The experimental.gkd.GKDTrainer is a wrapper around the SFTTrainer class that takes in a teacher model argument. It needs three parameters to be set via the experimental.gkd.GKDConfig namely:

  • lmbda: controls the student data fraction, i.e., the proportion of on-policy student-generated outputs. When lmbda=0.0, the loss reduces to supervised JSD where the student is trained with the token-level probabilities of the teacher. When lmbda=1.0, the loss reduces to on-policy JSD, where the student generates output sequences and token-specific feedback on these sequences from the teacher. For values in between [0, 1] it is random between the two based on the lmbda value for each batch.
  • seq_kd: controls whether to perform Sequence-Level KD (can be viewed as supervised FT on teacher-generated out). When seq_kd=True and lmbda=0.0, the loss reduces to supervised JSD, where the teacher generates output sequences and the student receives token-specific feedback on these sequences from the teacher.
  • beta: controls the interpolation in the generalized Jensen-Shannon Divergence. When beta=0.0 the loss approximates forward KL divergence, while for beta=1.0 the loss approximates reverse KL divergence. For values in between [0, 1] it interpolates between the two.

The authors find that on-policy data (high lmbda) performs better and the optimal beta varied depending on the task and evaluation method.

Make sure that attn_implementation="kernels-community/flash-attn2" when training Gemma models.

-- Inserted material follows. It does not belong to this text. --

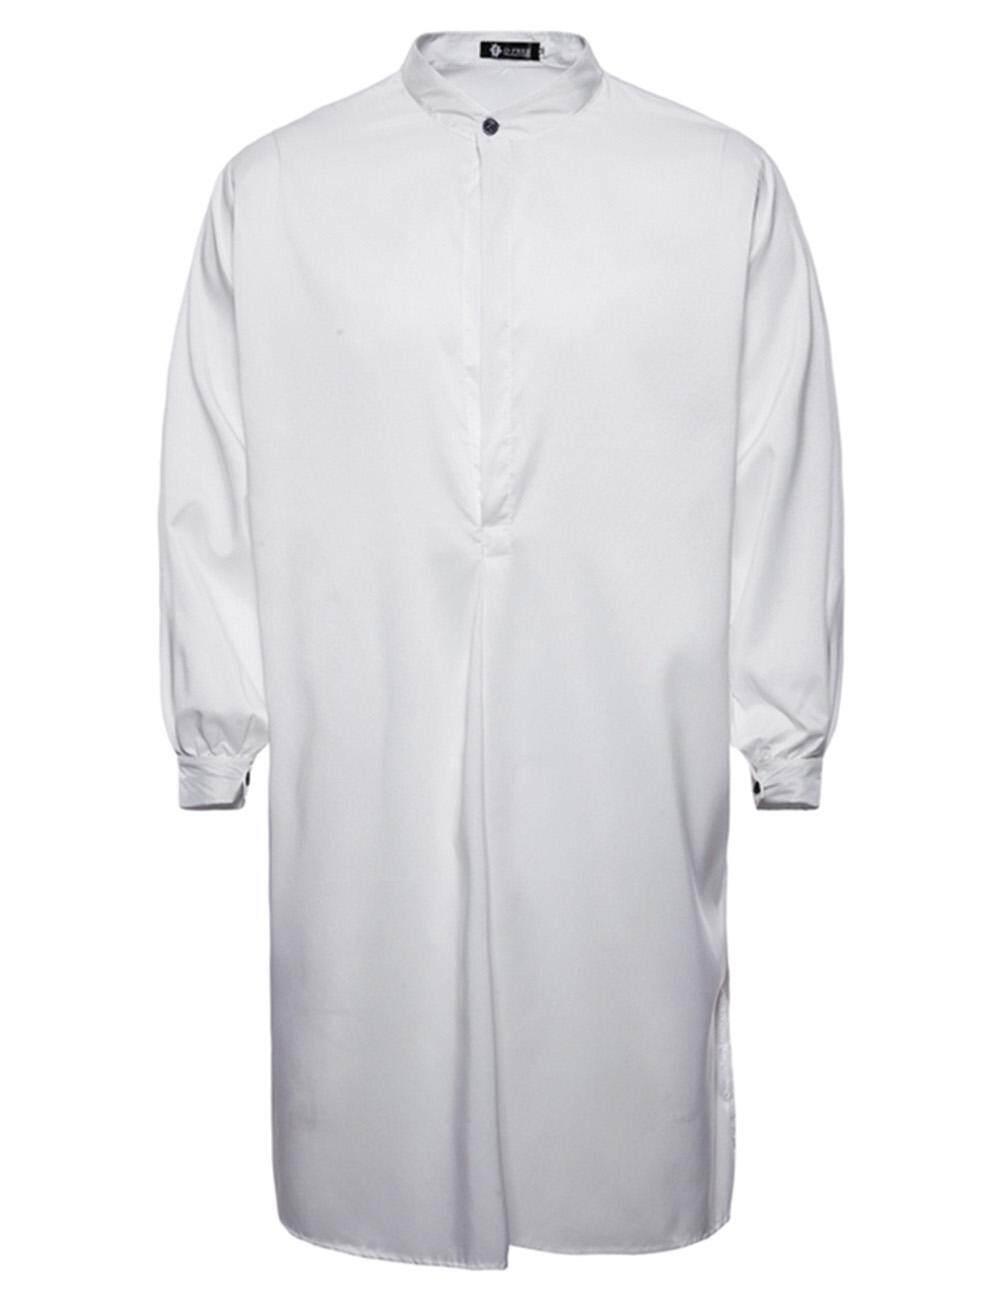 สตาร์มอลล์ผู้ชายชายสไตล์มุสลิมเสื้อคลุมยาวชุดเสื้อ.

Otherwise you will encounter NaNs in the logits due to the soft capping technique adopted by this architecture.

The basic API is as follows:

from datasets import Dataset
from transformers import AutoModelForCausalLM, AutoTokenizer
from trl.experimental.gkd import GKDConfig, GKDTrainer

NUM_DUMMY_SAMPLES = 100

tokenizer = AutoTokenizer.from_pretrained("Qwen/Qwen2-0.5B-Instruct")
# The model to optimise
model = AutoModelForCausalLM.from_pretrained("Qwen/Qwen2-0.5B-Instruct")
# The teacher model to calculate the KL divergence against
teacher_model = AutoModelForCausalLM.from_pretrained("Qwen/Qwen2-1.5B-Instruct")

train_dataset = Dataset.from_dict(
    {
        "messages": [
            [
                {"role": "user", "content": "Hi, how are you?"},
                {"role": "assistant", "content": "I'm great thanks"},
            ]
        ]
        * NUM_DUMMY_SAMPLES
    }
)
eval_dataset = Dataset.from_dict(
    {
        "messages": [
            [
                {"role": "user", "content": "What colour is the sky?"},
                {"role": "assistant", "content": "The sky is blue"},
            ]
        ]
        * NUM_DUMMY_SAMPLES
    }
)

training_args = GKDConfig(output_dir="gkd-model", per_device_train_batch_size=1)
trainer = GKDTrainer(
    model=model,
    teacher_model=teacher_model,
    args=training_args,
    processing_class=tokenizer,
    train_dataset=train_dataset,
    eval_dataset=eval_dataset,
)
trainer.train()

Expected dataset type#

The dataset should be formatted as a list of “messages” where each message is a list of dictionaries with the following keys:

  • role: either system, assistant or user
  • content: the message content

GKDTrainer[[trl.experimental.gkd.GKDTrainer]]#

trl.experimental.gkd.GKDTrainer[[trl.experimental.gkd.GKDTrainer]]#

Source

Trainer for Generalized Knowledge Distillation (GKD) of language models.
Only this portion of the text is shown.